Connect with us

Education

Aminat Yusuf: An Ode to Genius from LASU by Olatunji Ololade

Published

on

For several years, Nigeria has feted and fooled with undeserving celebs. Many a male and female of ill repute has been tooled with renown. Thus the social space pulses with ornamented sap heads in glitter and gold.

Occasionally, we hear of an individual or two, who asserts his or her right to renown. Society enjoys the emergence of one, two, three or four genii or more, who put up brilliant performances in the humanities, arts, academia, sports, science and tech, to mention a few.

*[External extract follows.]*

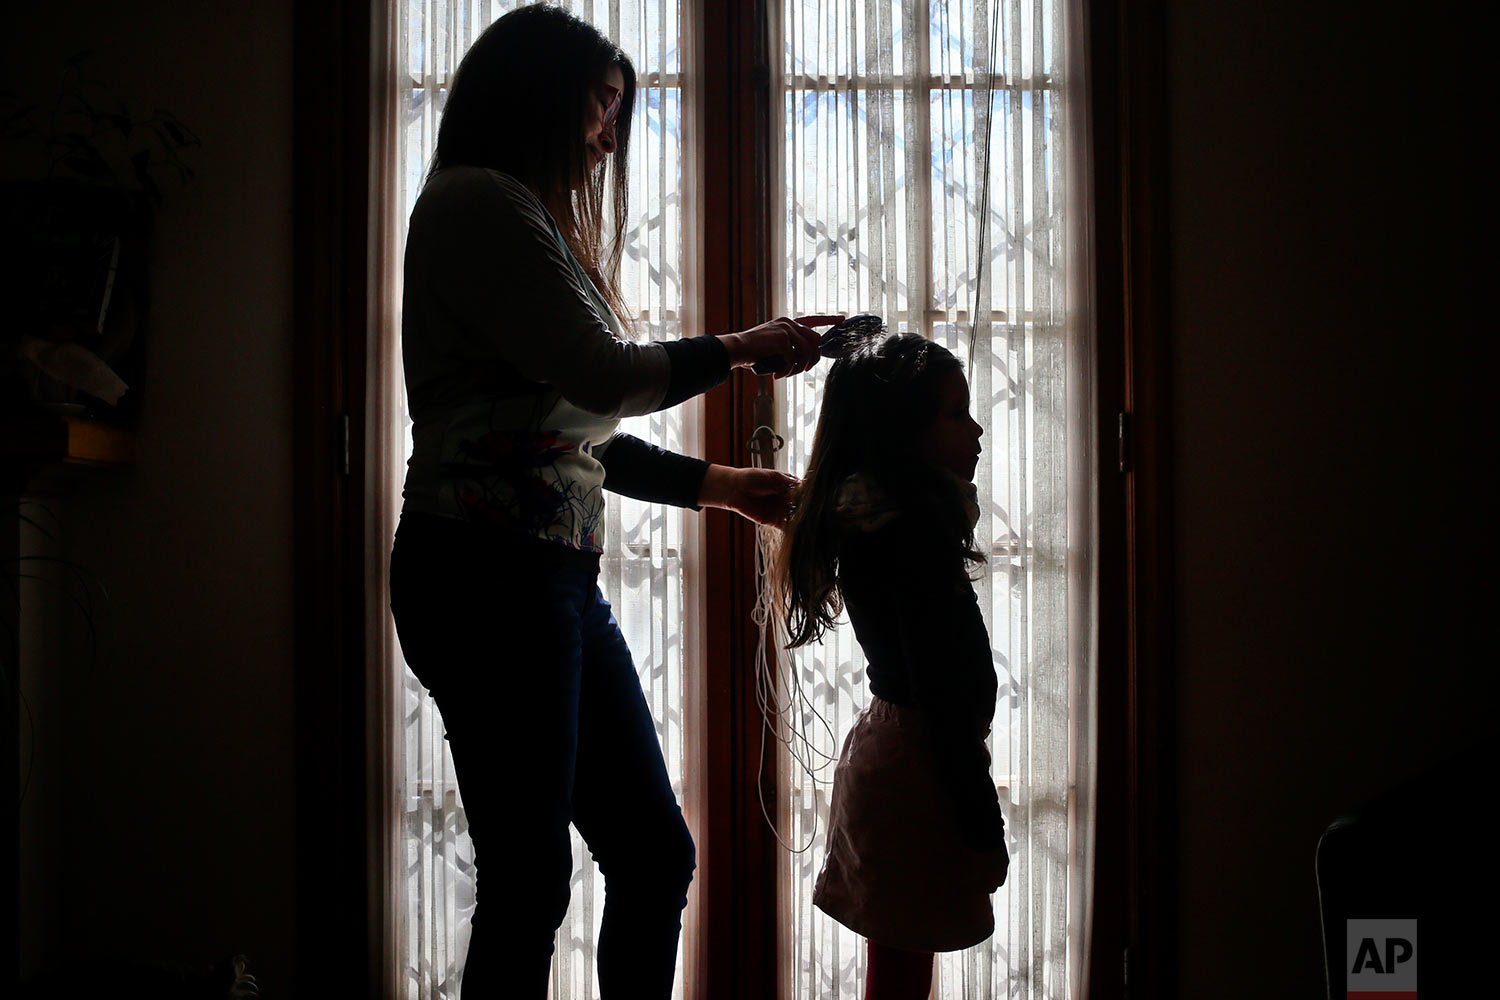  In this July 18, 2017 photo, Monica Flores combs her daughter's hair at their home in Santiago, Chile. Flores was questioned by Chilean police at the airport because the records didn't match: she had left on holidays abroad with a son and returned t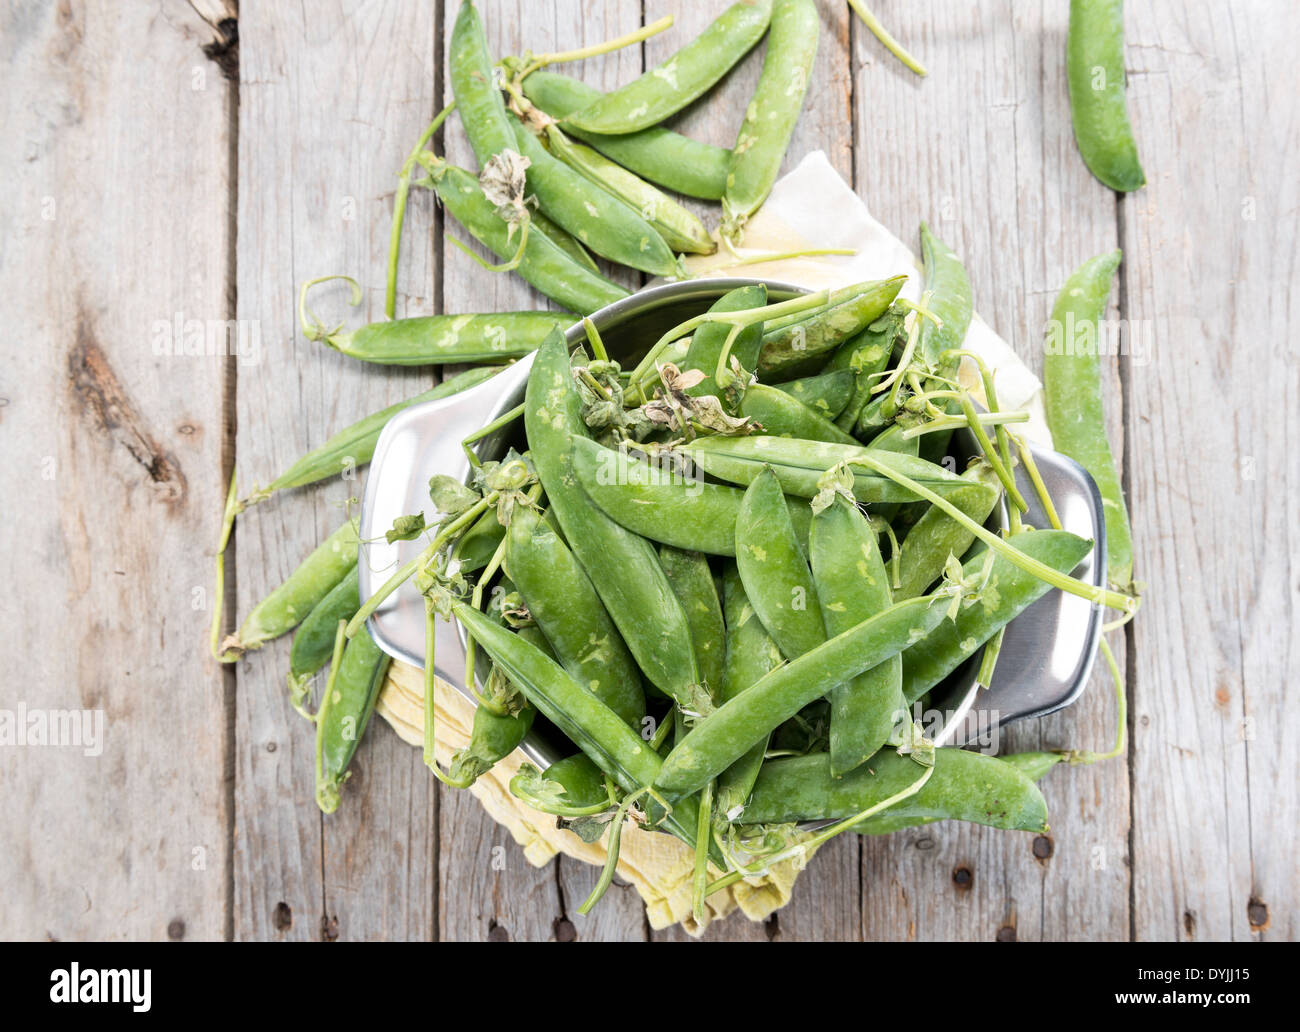 Portion of fresh pea pods in a bowl on wooden background Stock Photo

These are the ones we should really celebrate but the most they get, usually, is half a page of news mention, grudgingly doled out to them by a hesitant press.

Consequently, we know too little of them. They do not enjoy appreciable renown, like the glitter gang.

Let this be the moment we choose to acknowledge the finer breed of Nigerianness, like Aminat Imoitesemeh Yusuf, who graduated with a perfect Cumulative Grade Point Average (CGPA) of 5.00 (First Class Honours) from the Lagos State University (LASU)’s Faculty of Law.

The Vice-Chancellor (VC), Professor Ibiyemi Olatunji-Bello, gladly pronounced Amina as “LASU’s best-graduating student in history.”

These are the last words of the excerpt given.